Literature assessing Africa's power sector agrees that sizeable investments are called for to improve the current status. This paper presents results from scenarios of the African electricity sector in the medium term, jointly conducted by the Royal Institute of Technology and the International Renewable Energy Agency (IRENA). The objective is to provide an indicative estimate of the potential for electricity trade and investment opportunities in grid-connected and off-grid power generation projects in Africa. A special focus is given on the potential for renewable energy (RE) electricity investment. The authors do not undertake detailed project and grid integration studies necessary to determine specific potentials, nor regional disaggregation. Rather the focus is directed on an indicative cost benefit analysis. Building on this work, IRENA has developed more detailed, country-by-country regional power modelling for selected regions in Africa (Miketa and Merven, 2013a, 2013b).
An analytical model has been constructed, calibrated and used to quantify future power station investment and operation scenarios. The model calculates the lowest cost expansion of the electricity system needed to meet a growing demand for electricity on the continent. This expansion is subject to various constraints. The analysis deliberately does not take into account special geopolitical constraints that may slow the expansion of trade in the future. Rather, efforts are geared towards shedding light on the potential benefits of the latter, assuming that demonstrating the techno-economic feasibility may help accelerate the policy and investment support needed.
2. Material and methods
There are at least two well documented African electricity models available (Rosnes and Vennemo, 2012; Sofreco, 2011).
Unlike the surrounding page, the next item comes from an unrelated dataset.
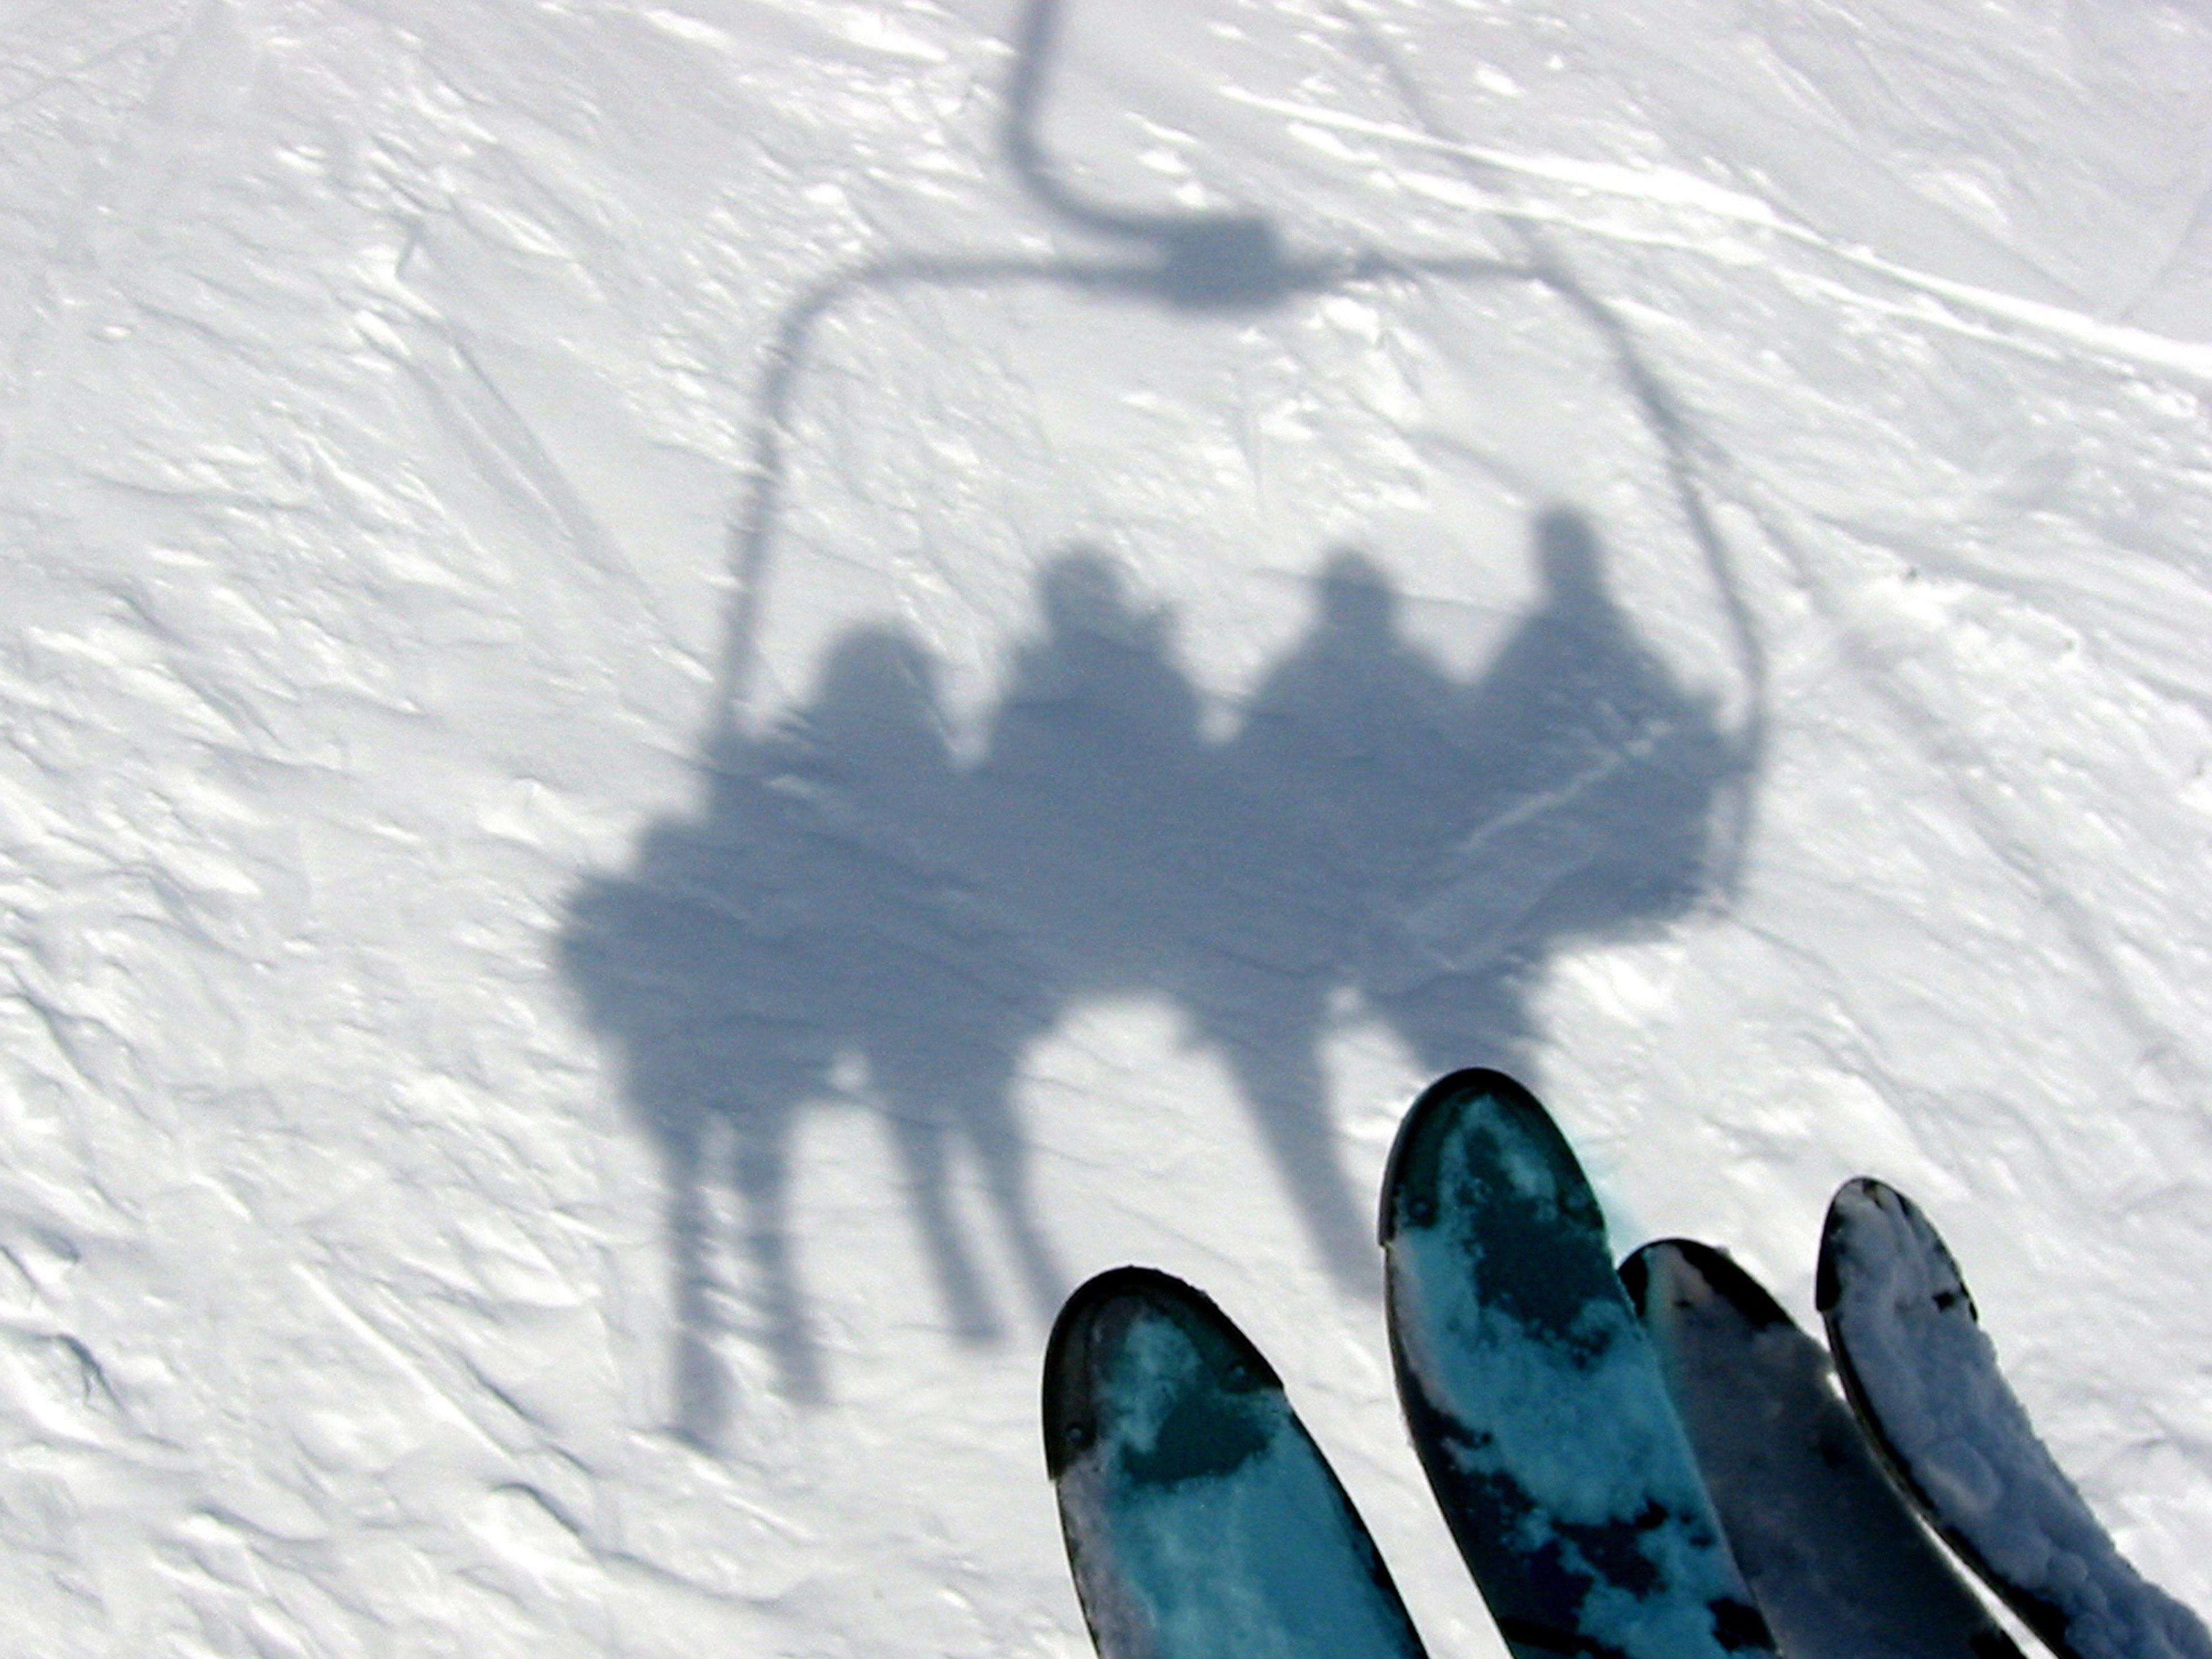 Am Beginn der Skisaison überschätzen viele Wintersportler ihr Können.

In order to develop an economy-wide perspective of potential RE power plant investment these two models have been updated and refined with respect to: historical data, spatial definition, regional integration, time horizon, renewable and other energy resources availability, and power plant and performance data.1 The existing Rosnes & Vennemo's model is useful for capturing overall investment needs within four African regions. That model utilizes exogenously defined demands for energy services. Selected policy goals impose technical constraints and economic implica-tions.2 Sofreco (2011) approaches the analysis differently. It undertakes a demand analysis for each country, and aggregates these into regions. It then assesses the potential for investment within, and trade between, each region to meet demand growth on a least cost basis. Sofreco also undertakes a detailed analysis of fossil fuel reserve potentials.
For this analysis, the following additions (and simplifications) have been made to Rosnes and Vennemo:
• Extending the modelling period to 2030, and increasing the temporal resolution to cover annual investments. This allows the provision of greater detail regarding generation and transmission investments between countries and regions. Furthermore, this allows closer consistency and testing of results with power pool investment strategies, as well as flexibly matching climate change trends.
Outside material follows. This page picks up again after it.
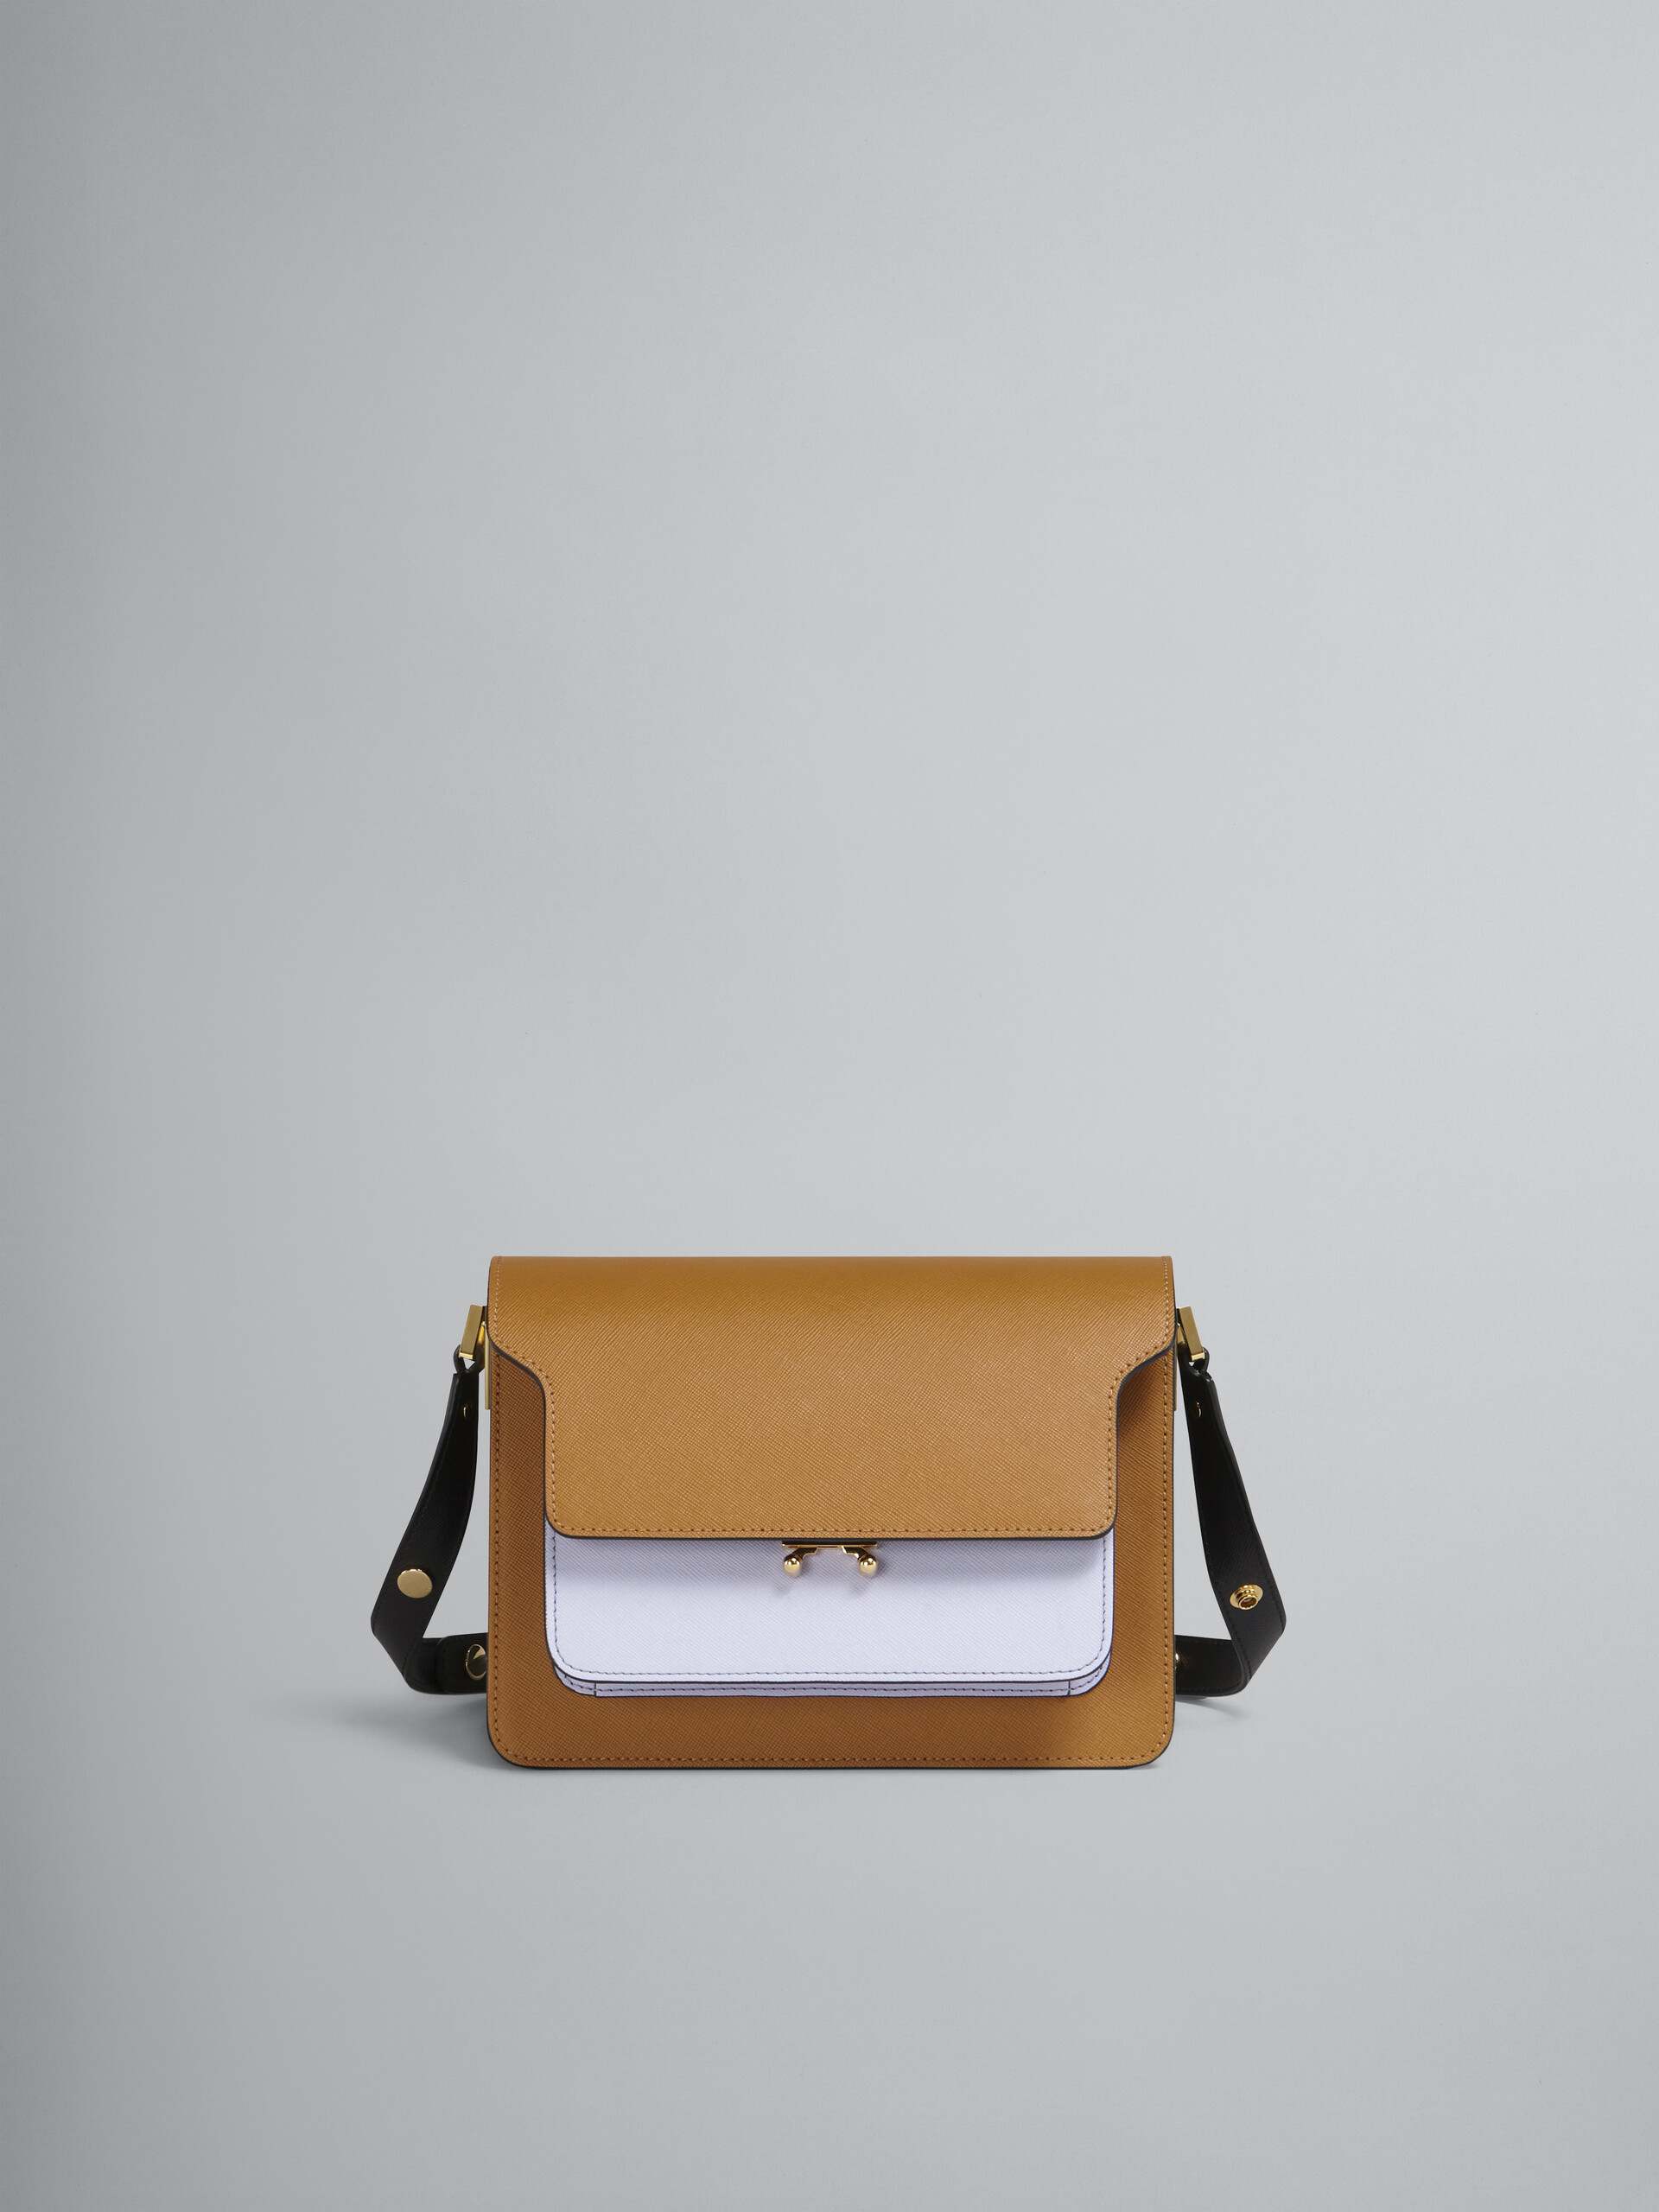 TRUNK bag in saffiano marrone lilla e nero - Borse a spalla - Image 1

• Covering (currently omitted) sub-Saharan countries and associated trade. This is important as inclusion of all these countries enables the modelling of potential increases in bulk renewable energy investments, and links. We augment the model based on the KTH-dESA power pool modelling (Broad et al., 2012; IRENA, 2012a).
This will comprise a 'country by country' region as well as a macro-region in the pan African model.
Furthermore, the following updates have been made to both Rosnes and Vennemo and Sofreco:
• Modelling seasonal, daily and sub-daily representative 'time-slices' throughout the year. This is needed to include variations of demand and generation. It also allows parameters such as demand3 and availability of bulk RE resources to be characterized in those times slices, which strongly influence trade and resulting investment requirements.
• Addition of the most recent estimates of renewable energy resource potential estimates (Hermann et al., 2012).
• Reporting of CO2 emissions for each scenario.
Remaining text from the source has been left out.